Lyra independently generates chip-specific code for each algorithm. For example, all the generated variables and tables for algorithm *firewall* are assigned the same prefix-name *firewall*. Thus, there is no shared program-level resource between generated code.

### 8 DISCUSSION

This section discusses Lyra’s implementation details and limitations. More discussions can be found in Appendix D.

**Does the synthesized code always compile?** It is possible that the synthesized chip code unsuccessfully compiles on the target
ASICs, if some of the constraints are missing from the Lyra compiler. For example, egress timestamp must be collected in the egress pipeline; otherwise, the synthesized P4 code cannot compile on Tofino ASIC or is meaningless. In Lyra, we manually check and encode ASIC’s resource constraints based on the ASIC specifications provided by the chip vendors. By far, while we are not aware of any “constraint missing” cases, we cannot exclude such a possibility. Thus, we offer an encoding template for the programmers to encode the missed constraints as a plug-in patch for Lyra.

Recirculation. P4 supports recirculation and resubmission, which allows the packet to go through the pipeline one more time. In Lyra, the programmers need to explicitly define the recirculation, as there is no switch concept in Lyra. Instead, Lyra uses the recirculation as an optimization method to pack a longer program into one switch.

Copy-to-cpu. Both P4 and NPL support sending a copy of the current packet to the switch’s CPU but in different ways. Lyra provides a uniformed API called copy_to_cpu() to enable such a function. This API is translated into the corresponding APIs in different languages. Similar to the control plane interface, the programmer only needs to focus on what to do with the copied packet, rather than taking care of which switch the packet is copied at.

Multi-pipeline support. Programmable ASICs use multiple identical pipelines to increase the throughput. For example, the Tofino 64Q model has 4 pipelines. The program deployed on each pipeline thus is typically the same. Lyra allows the programmer to individually specify each pipeline via our OBP abstraction. Furthermore, switches, e.g., RMT, split one above-mentioned pipeline into two: ingress pipeline and egress pipeline. Different from the pipeline mentioned above, these two pipelines have different capabilities: the programmer can only designate the egress port at the ingress pipeline because the egress pipeline is directly connected to the physical port and cannot re-direct the packet; all the queuing information (e.g., queue length and queuing time) must be gathered in the egress pipeline as the queuing buffer sits between the ingress and egress pipeline. Lyra models the two pipelines as two individual switches and connects them via a link. Next, Lyra adds constraints that the pipeline exclusive statements cannot be deployed in the other pipeline. The SMT solver then allocates the statements.

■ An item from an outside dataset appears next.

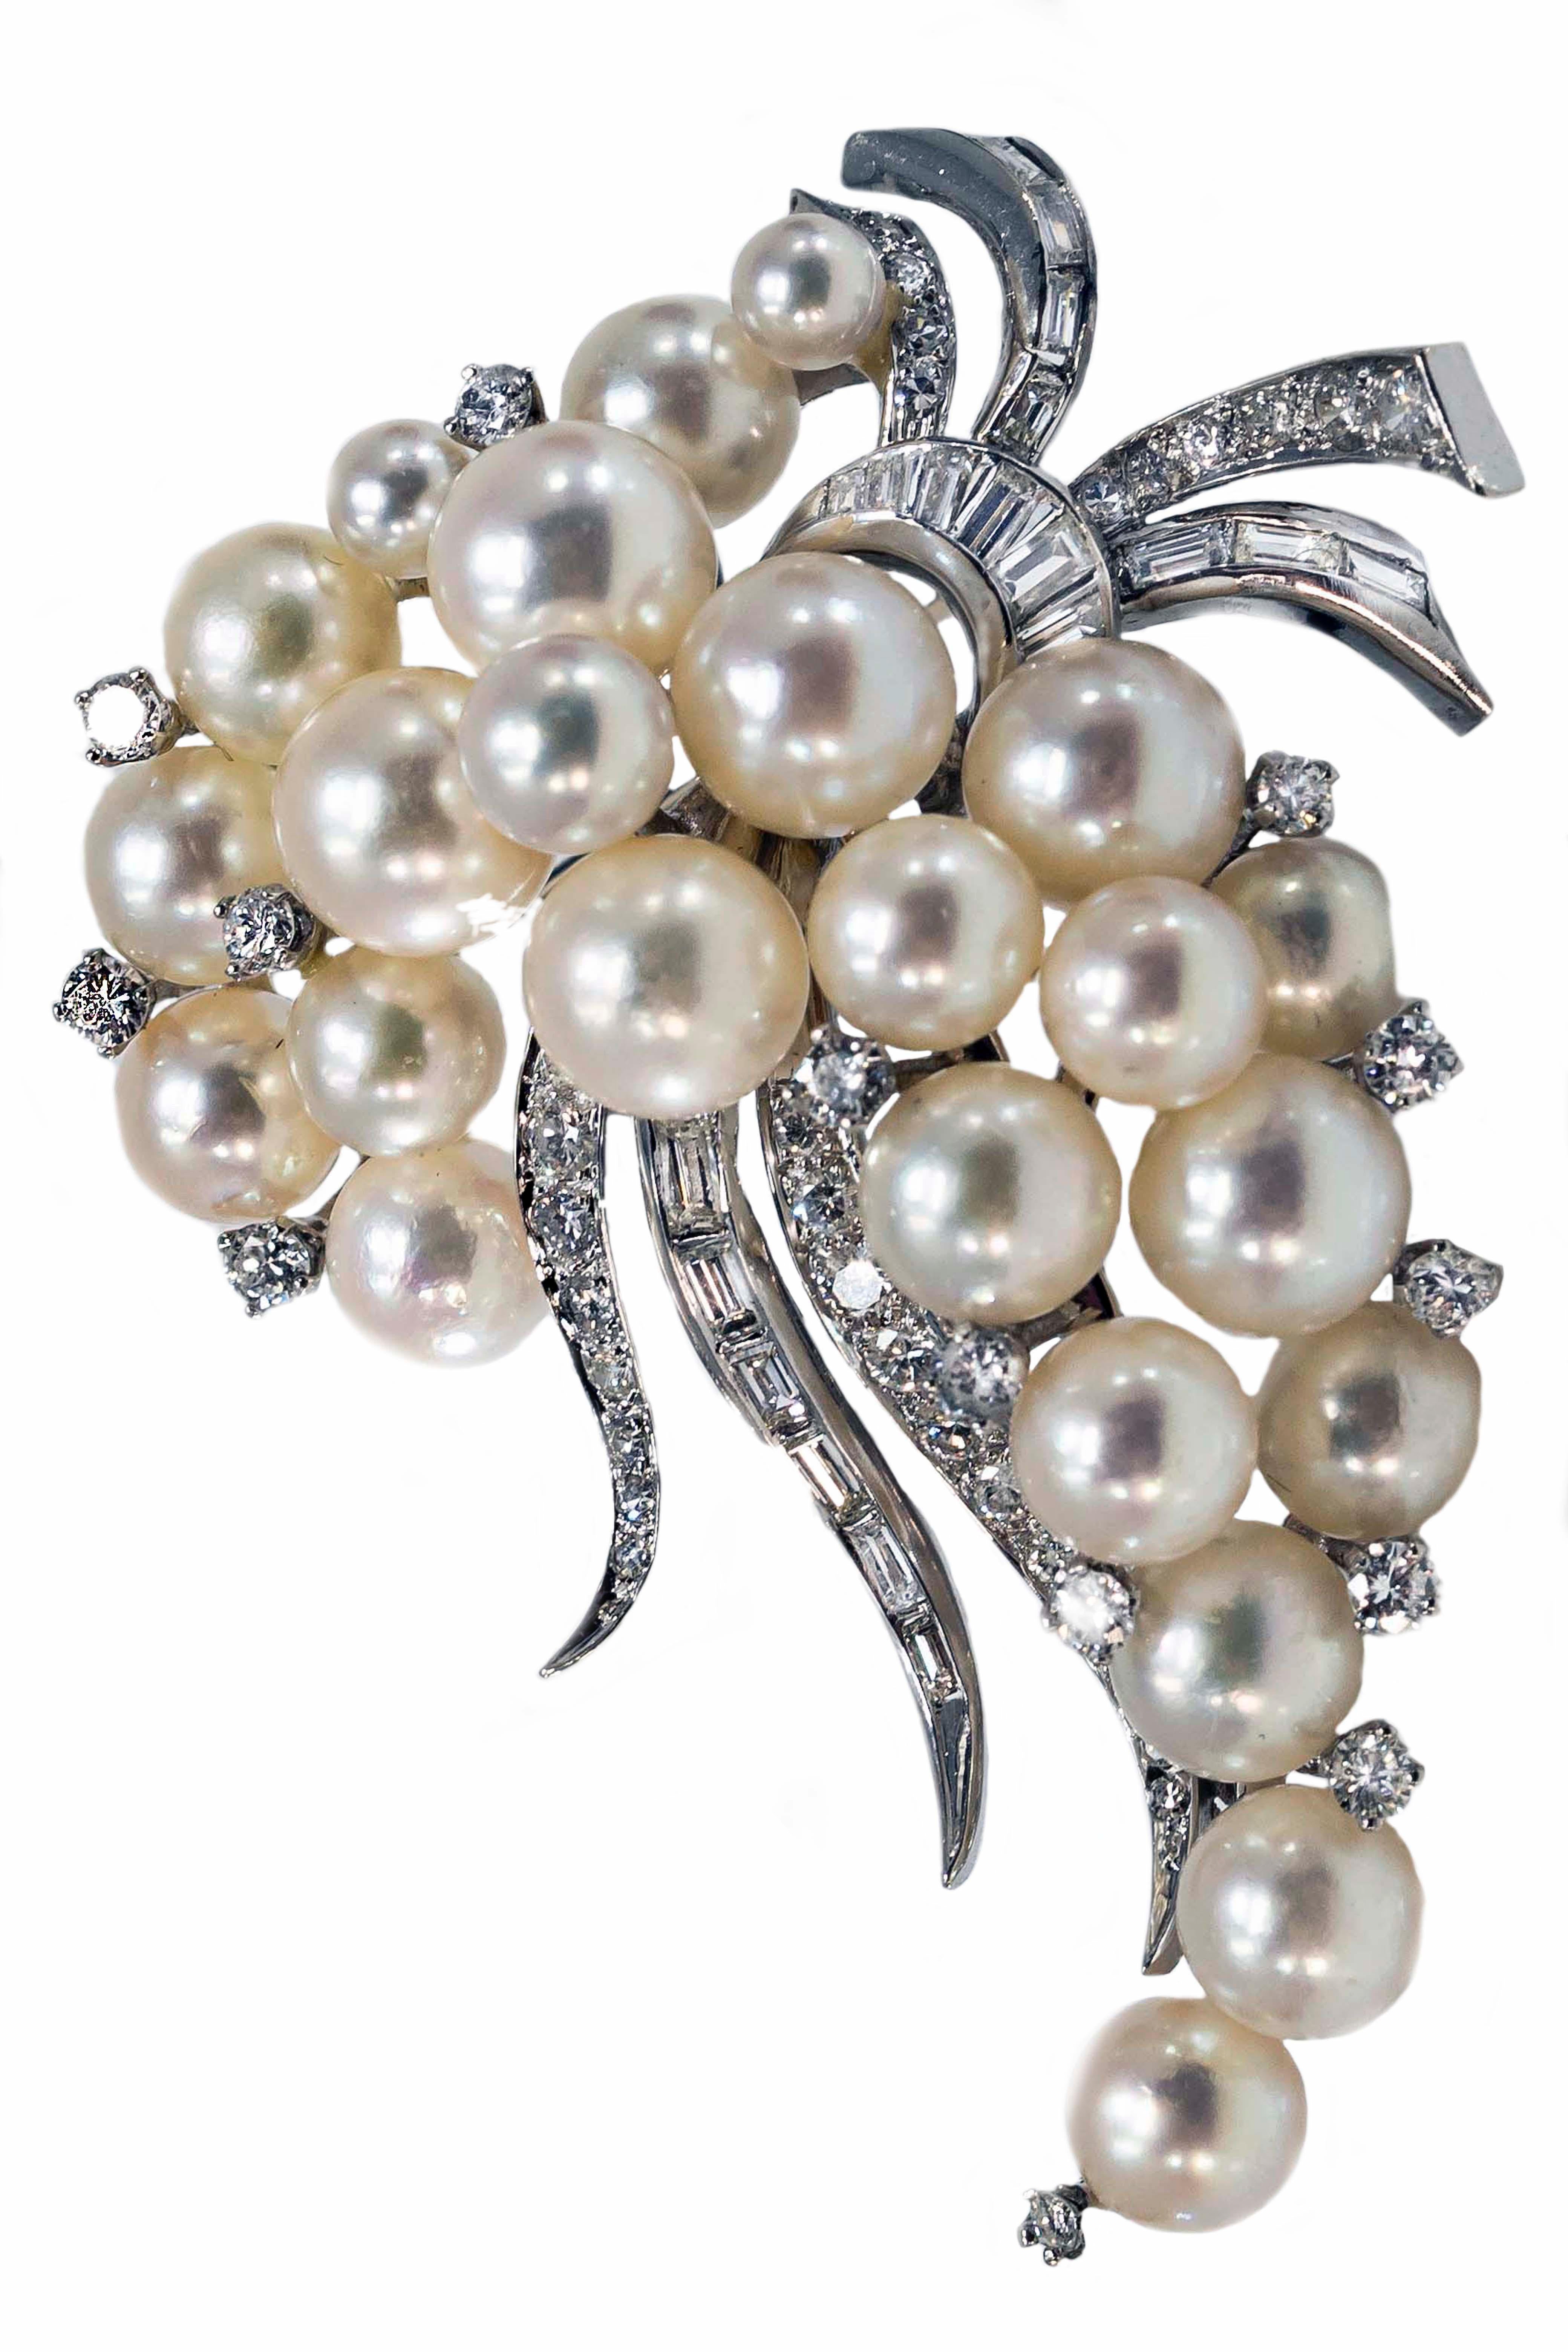 A White Gold Pearl and Diamond Set Pin Cornucopia, a symbol of plenty consisting of a goat's horn overflowing with flowers, fruit, and Corn 

65 diamonds weighing approximately 2.27 carats decorated with 24 pearls. 

Brooch Dimensions : 

225 mm x

Synthesizing incremental changes. Since Lyra relies on an SMT solver to generate a feasible allocation solution, a potential challenge is an incremental change in the Lyra program may result in a significantly different allocation plan. This may cause difficulty in debugging or upgrading the network in practice. Currently, if the changes are small (e.g., few lines of code), our programmers manually modify the chip code, because such modifications may not violate resource constraints; if the changes are significant, we directly re-run Lyra to generate the chip code from scratch.

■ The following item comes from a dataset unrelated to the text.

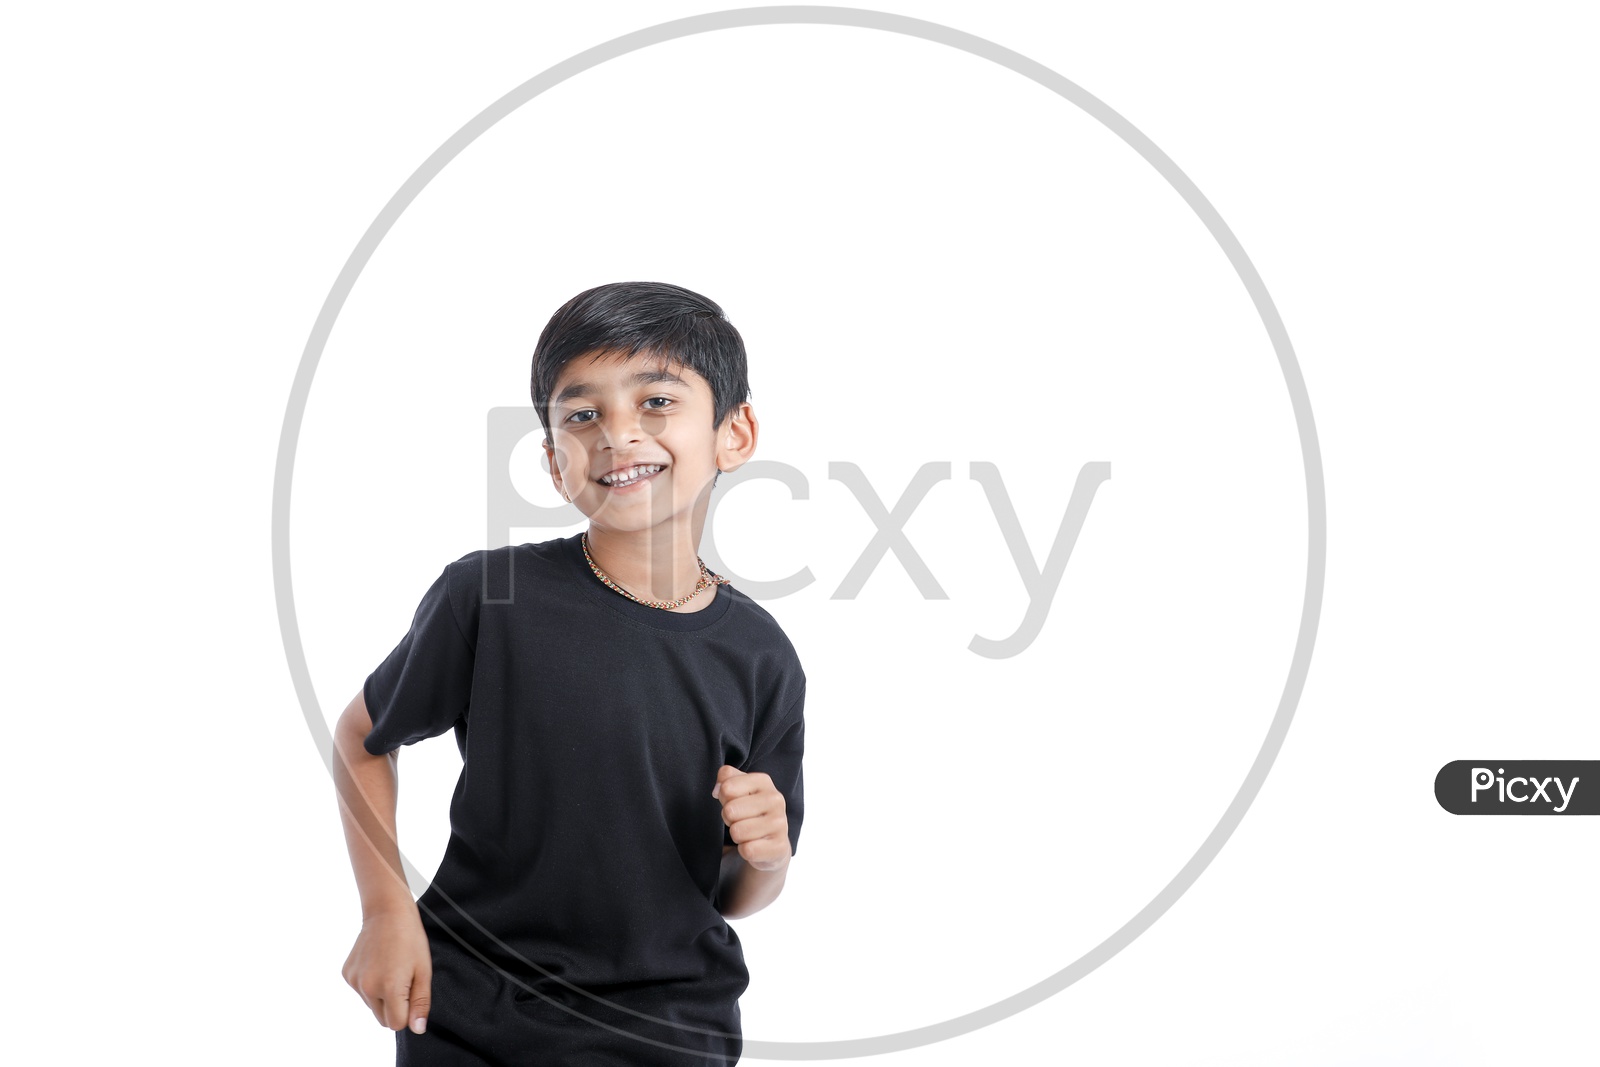 Indian or Asian boy Or Kid  with Expression and Smile Face On an Isolated White Background

Unifying different ASIC libraries. Given that the programmable ASICs from different vendors offer different chip-specific libraries, in Lyra compiler, we hard-code a collection of functions converting these libraries into common IR. See Appendix D for more details.

9 RELATED WORK

Abstractions for forwarding packets. Software-defined networking (SDN) allows the network operators to specify the packet forwarding policy via network-wide abstractions such as SNAP [14], NetKat [13, 31], Magellan [41], NetCore [33], and Frenetic [19]. In terms of the programming model, SNAP’s one-big-switch (OBS) abstraction [14] is the most relevant to Lyra; however, the OBS model cannot explicitly specify the fine-grained scope, e.g., a specific set of switches. P4Runtime [10] offers control plane-level APIs for P4 programs, rather than a compiler generating ASIC code. In general, the state-of-the-art programming models in SDN aim to generate the forwarding rules, which have different goals from Lyra.

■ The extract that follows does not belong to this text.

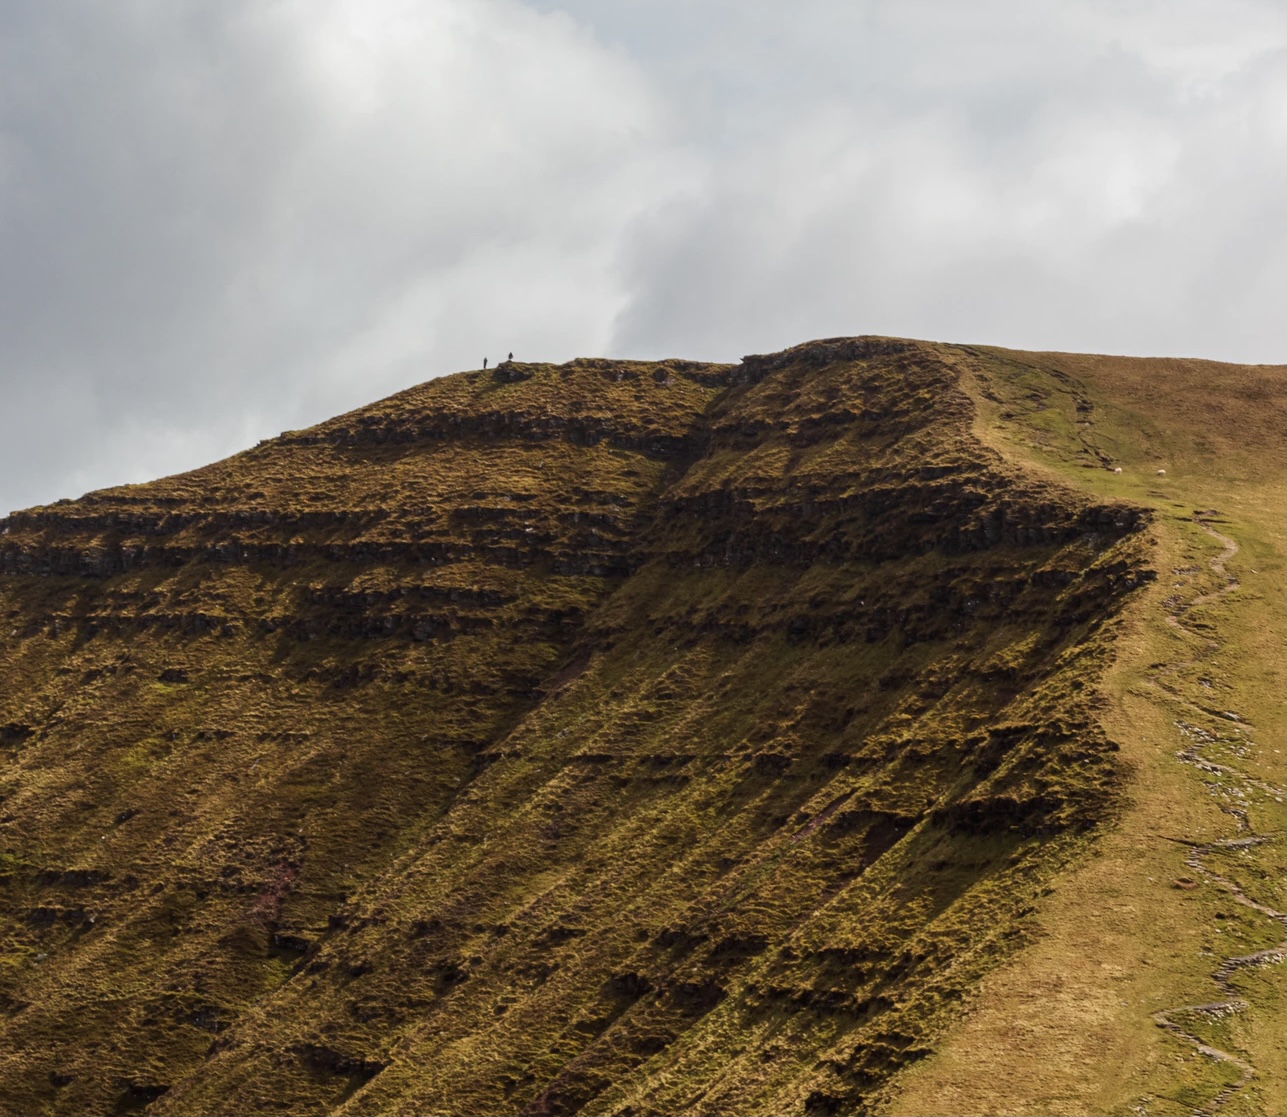 NEWS | You could soon have to pay £7.50 to park your vehicle and climb Pen y Fan in the Brecon Beacons

Programmable ASIC compilers. The state-of-the-art efforts in programmable ASIC compilers focus on compilation for individual devices. µP4 [39] also targets portability and composition problems; different from Lyra, however, µP4 only supports P4-family programming, and does not target data plane programming across multiple switches. Jose et al. [26] compiles P4 programs to architectures such as the RMT and FlexPipe. Domino [37] builds upon the Bandai machine model that supports stateful packet processing, supporting a much wider class of data plane algorithms. Chipmunk [20, 21] leverages slicing, a domain-specific synthesis technique, to optimize Domino in compilation time and resource usage. Different from the state of the arts, Lyra offers a new, chip detail-orthogonal language, generates chip-specific code (like NPL and P4), and supports data plane programming across multiple switches.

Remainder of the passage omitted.